= Joseph C. Anderson =

American politician

Joseph Campbell Anderson (c. 1830 - 1891) was a member of the Kansas Territorial Legislature and the namesake of Anderson County, Kansas.

==Biography==
Anderson was born in about 1830 in Jessamine County, Kentucky, to businessman and hemp grower Oliver Anderson. They moved to Lexington, Missouri in 1850 where Joseph and his brother William (not to be confused with guerilla leader William T. Anderson) established a law practice. In 1855, Anderson was elected to the so-called "Bogus Legislature", the first Kansas territorial legislature, from the 6th district, so named because of its disproportionate number of pro-slavery legislators over Free Staters. Known as Border Ruffians, several thousand men relocated from Missouri to Kansas in order to elect pro-slavery candidates; Anderson was among them although he retained his main residence in Lexington while officially residing in Fort Scott. He was elected Speaker Pro Tempore of the legislature.

Anderson was a staunch supporter of slavery, and was the architect of several pro-slavery laws during the territory's existence. During the Kansas Border War, Anderson worked as a lawyer in Kansas. He was a founder of the Law and Order Party in Leavenworth in October 1855.

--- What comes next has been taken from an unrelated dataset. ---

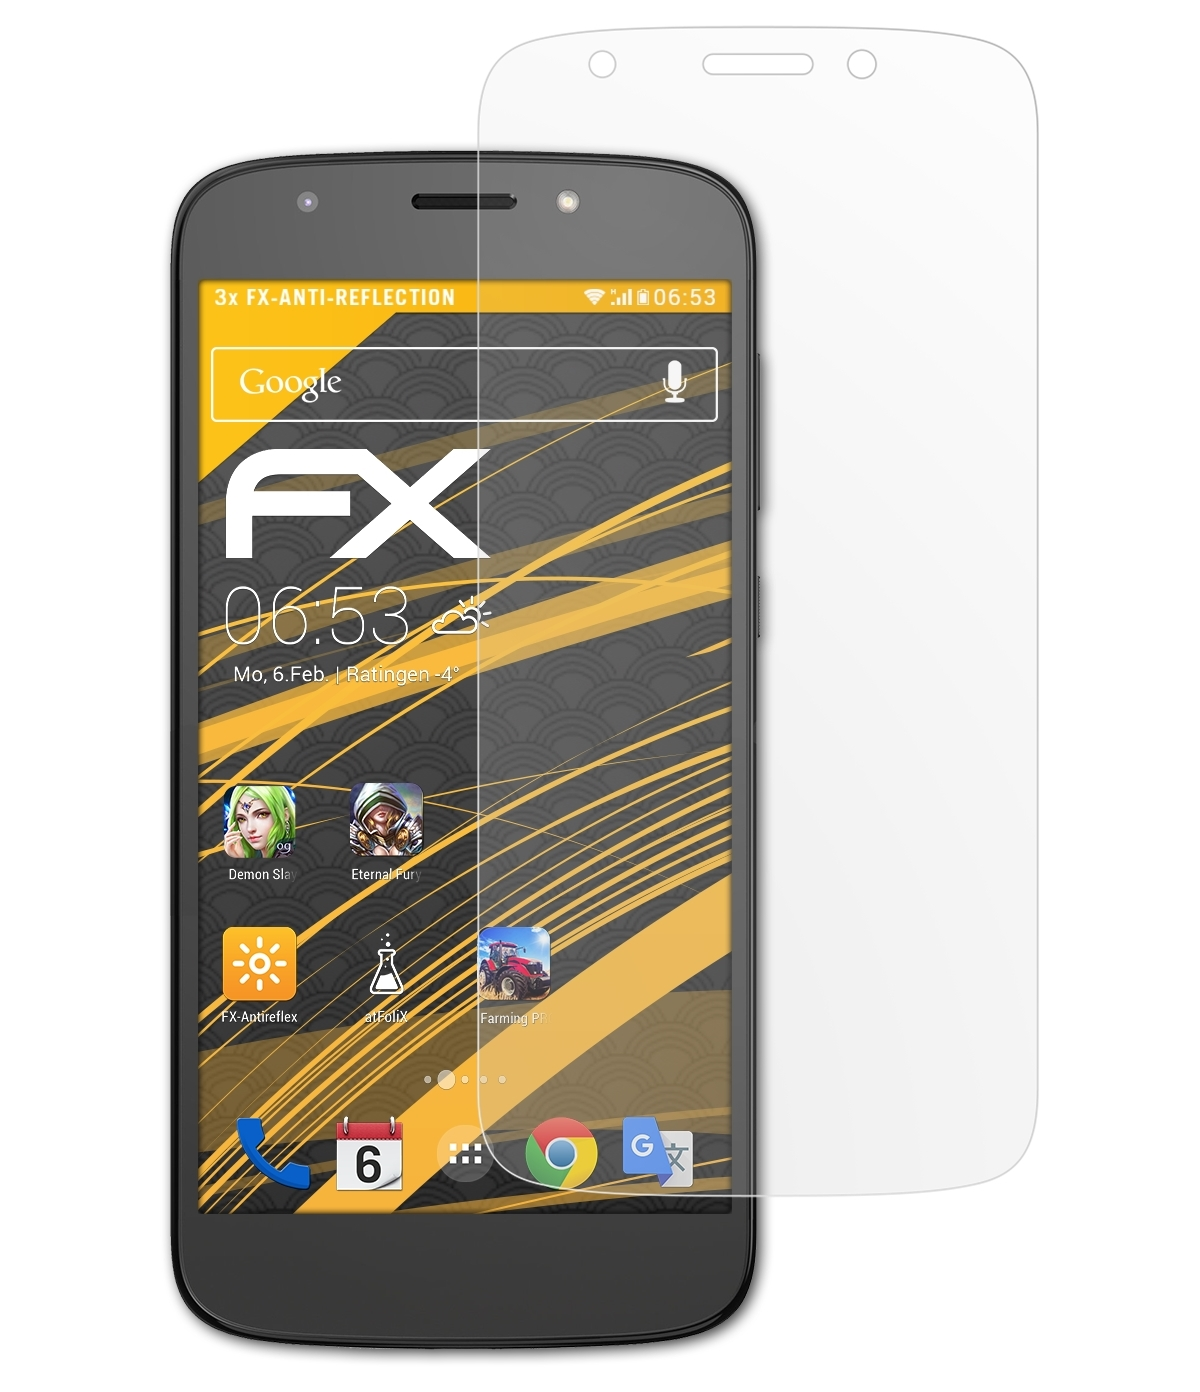 FX-Antireflex 3x Displayschutz(für E5 ATFOLIX Moto Lenovo Motorola Play)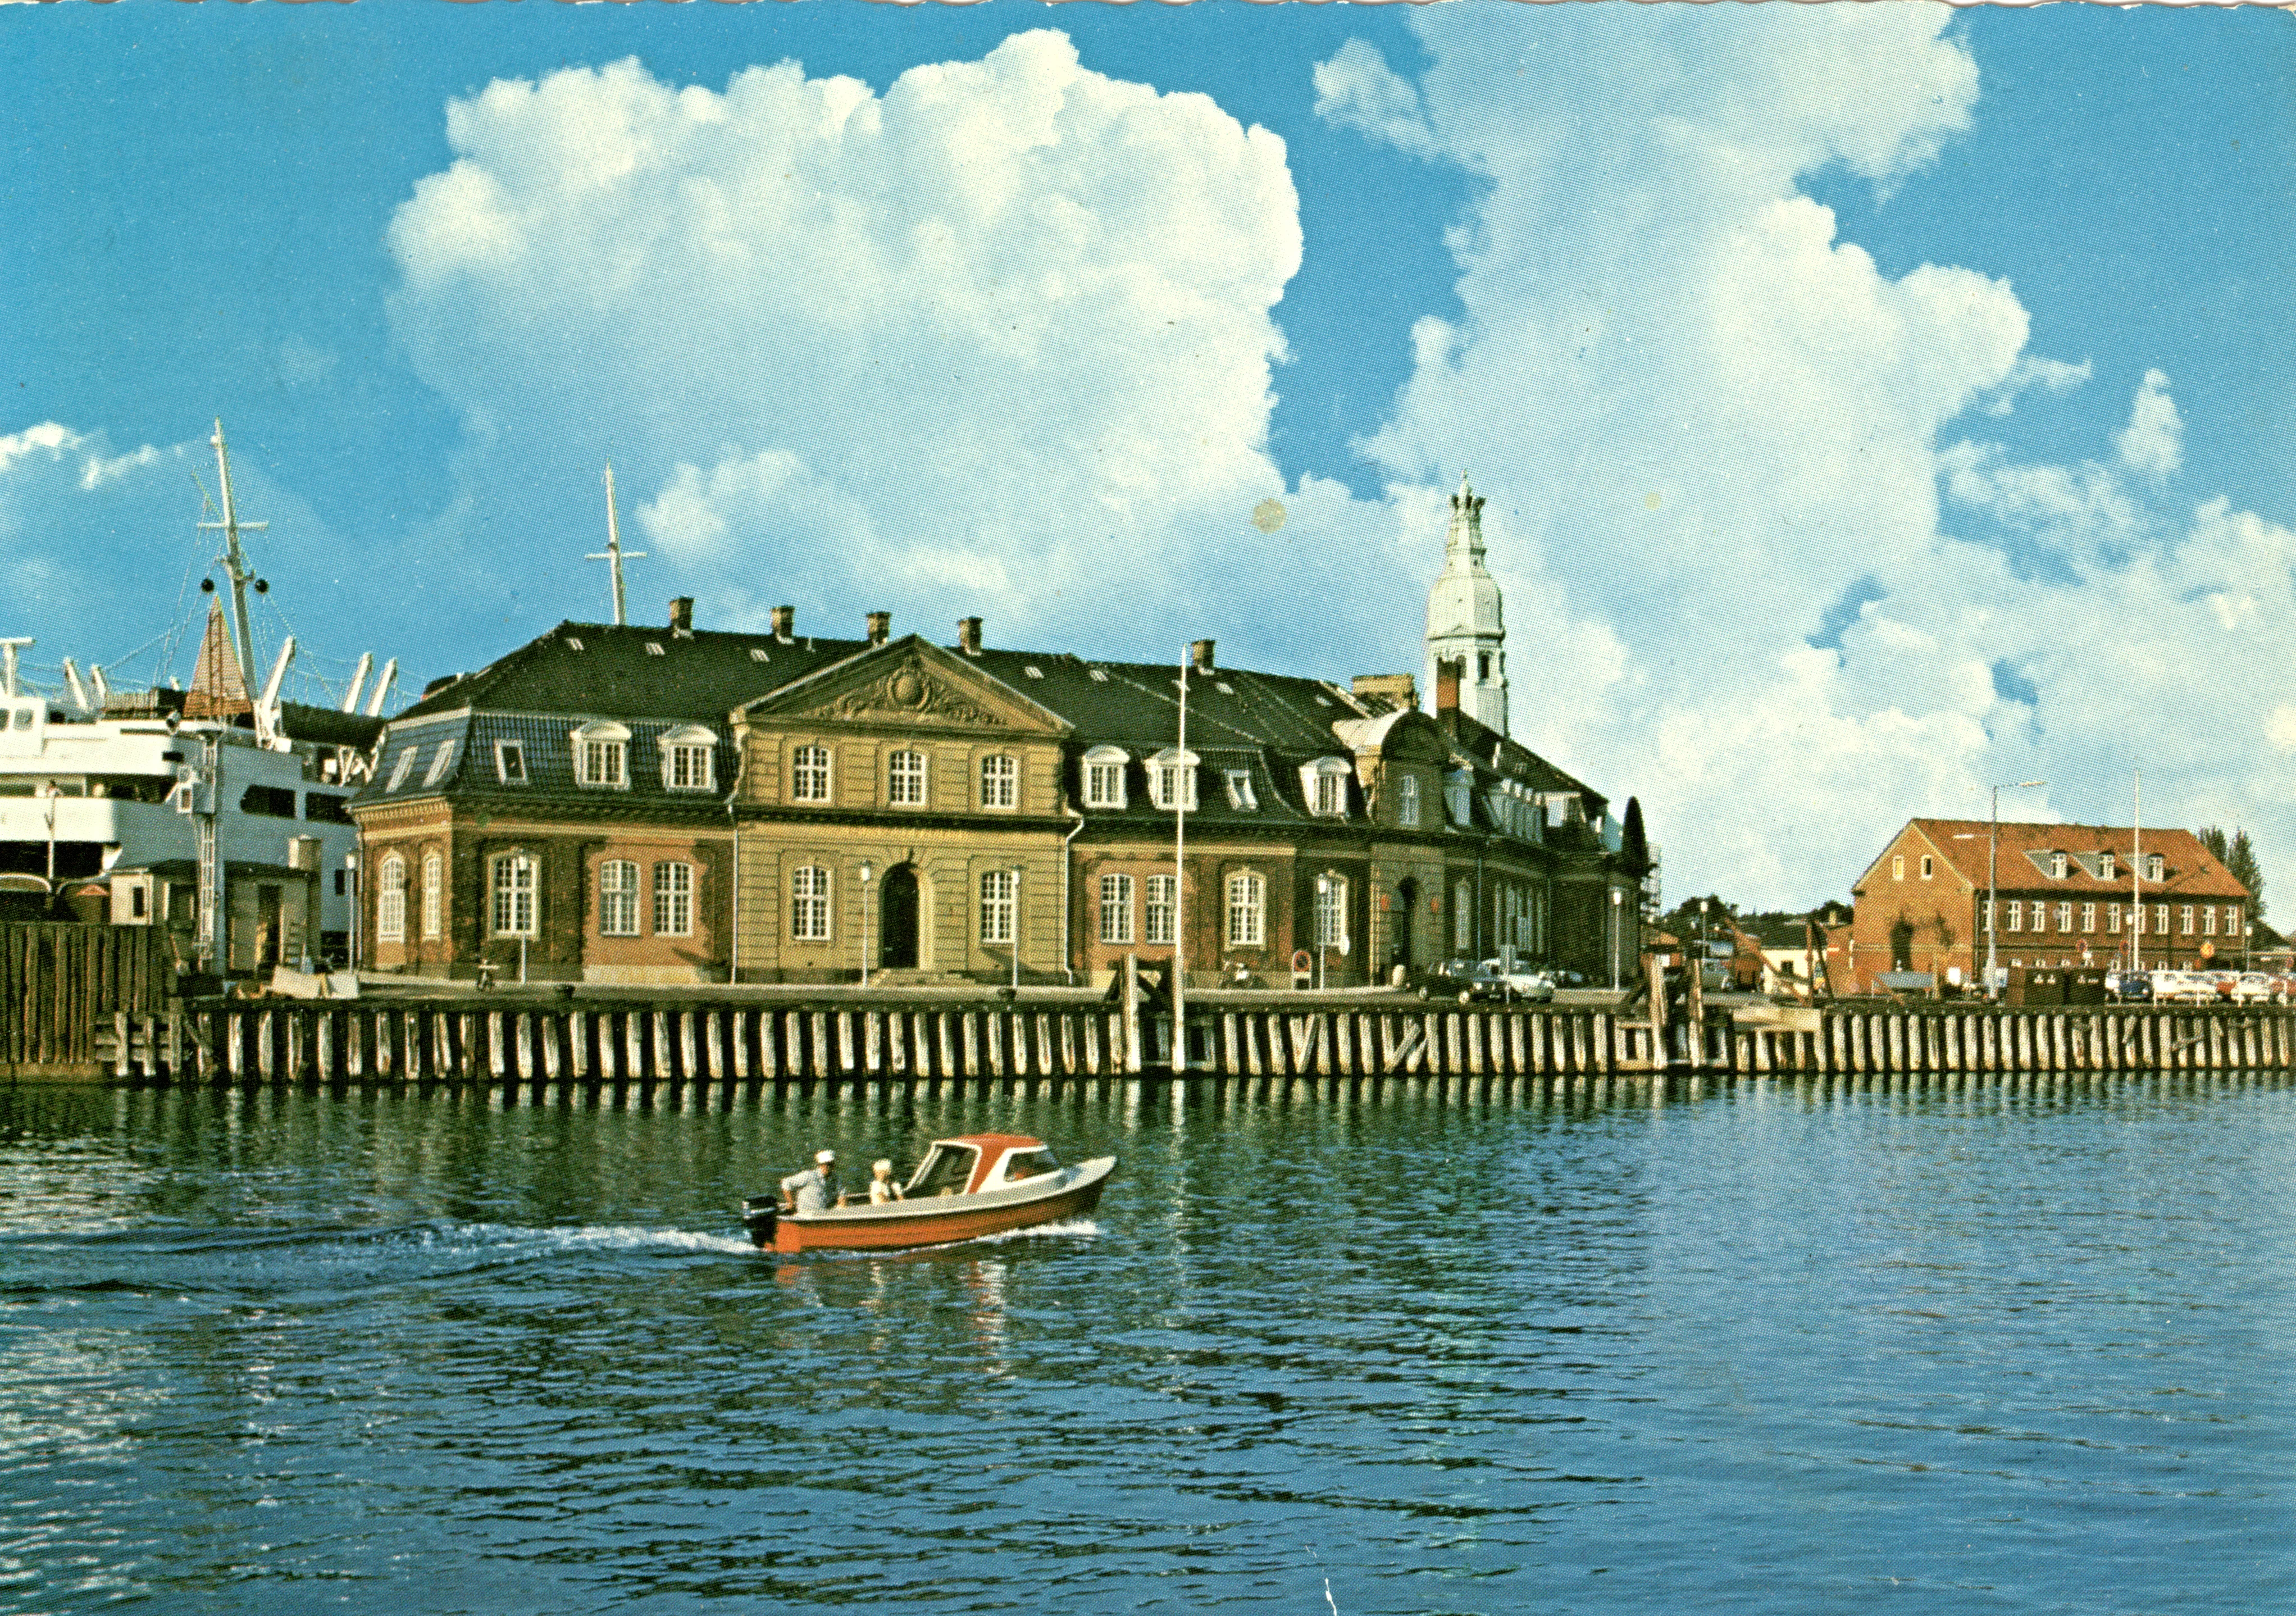 Postkort med Korsør Station.

During the American Civil War in 1862, Joseph and William Anderson and their father were arrested and imprisoned "for refusing to sign an 'oath of allegiance' to the Union." Following their release, they moved back to Kentucky and Joseph continued as a lawyer. The two brothers were also reportedly members of a secret militant group "Southern League", which smuggled weapons south to the Confederacy. For this the two brothers were imprisoned.